DataOps to the rescue—but how?
The rapidly emerging practice of DataOps is heralded as the way to overcome all these challenges. But, like any new discipline creating a key market shift, cutting through all the hype can be tricky. So what is it? And is it just a trend, or can it impact the bottom line?
As the word suggests, DataOps is a practice that operationalizes data. Gartner® defines it as “a collaborative data management practice focused on improving the communication, integration, and automation of data flows between data managers and data consumers across an organization.”
As its predecessor DevOps did for software development, DataOps aims to knock down siloes, speed delivery and automate for continuous integration and continuous deployment (CI/CD).

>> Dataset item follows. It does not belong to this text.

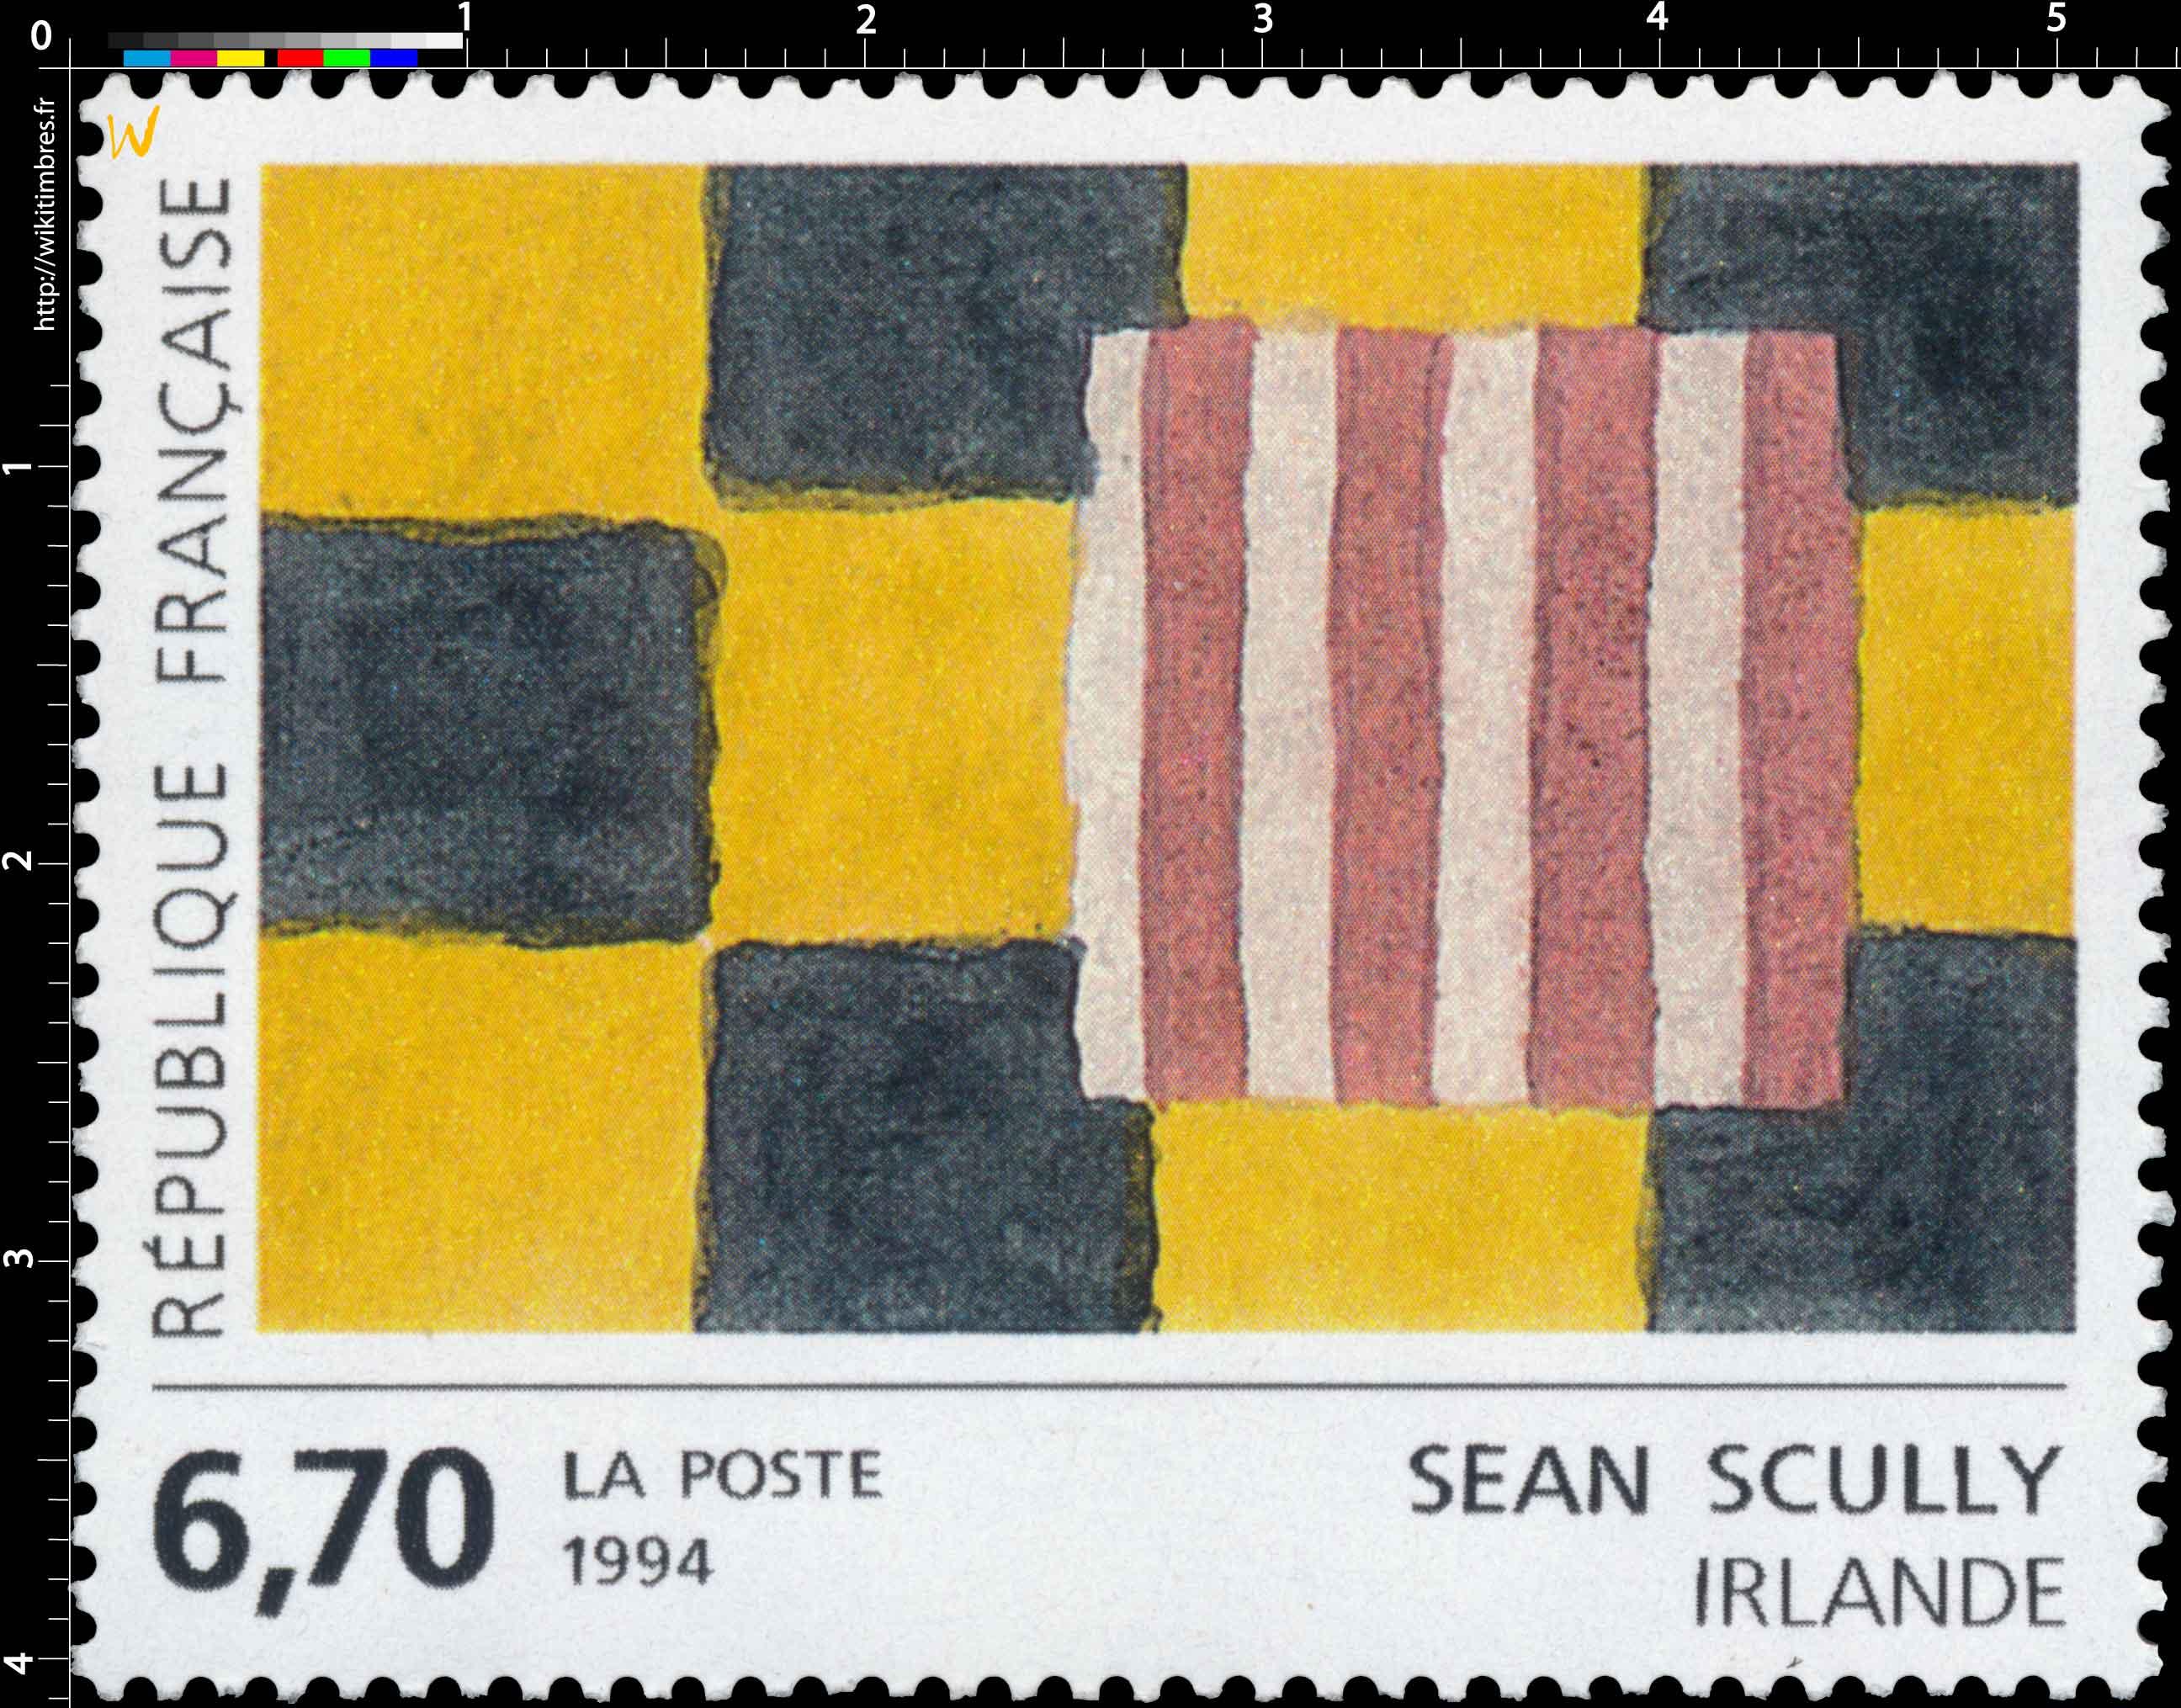 1994 SEAN SCULLY Irlande

In this piece, we’ll focus on how technology—specifically data integration built on DataOps principles—can facilitate collaboration across your teams and streamline processes with automation to deliver value to your business faster with fewer resources.
dataops (noun):
an engineering methodology and set of practices designed for rapid, reliable, and repeatable delivery of production-ready data and operations-ready analytics and data science models… DataOps supports business operational agility with the ability to meet new and changing data and analysis needs quickly. It also supports portability and technical operations agility with the ability to rapidly redeploy data pipelines and analytic models across multiple platforms in on-premises, cloud, multi-cloud, and hybrid ecosystems.
- Eckerson Group
The key Is continuous
Digital transformation, modern analytics, and real-time decision-making across lines of business require a fundamental shift in how organizations think about data. It’s no longer the static resource it was in the days of traditional business intelligence and reporting. Modern analytics—including real-time dashboards, data science, AI, machine learning, and smart data applications—require a completely different approach to integrating data. This is not just about serving up real-time data, although that is one pillar. It’s about delivering fresh, accurate data continuously.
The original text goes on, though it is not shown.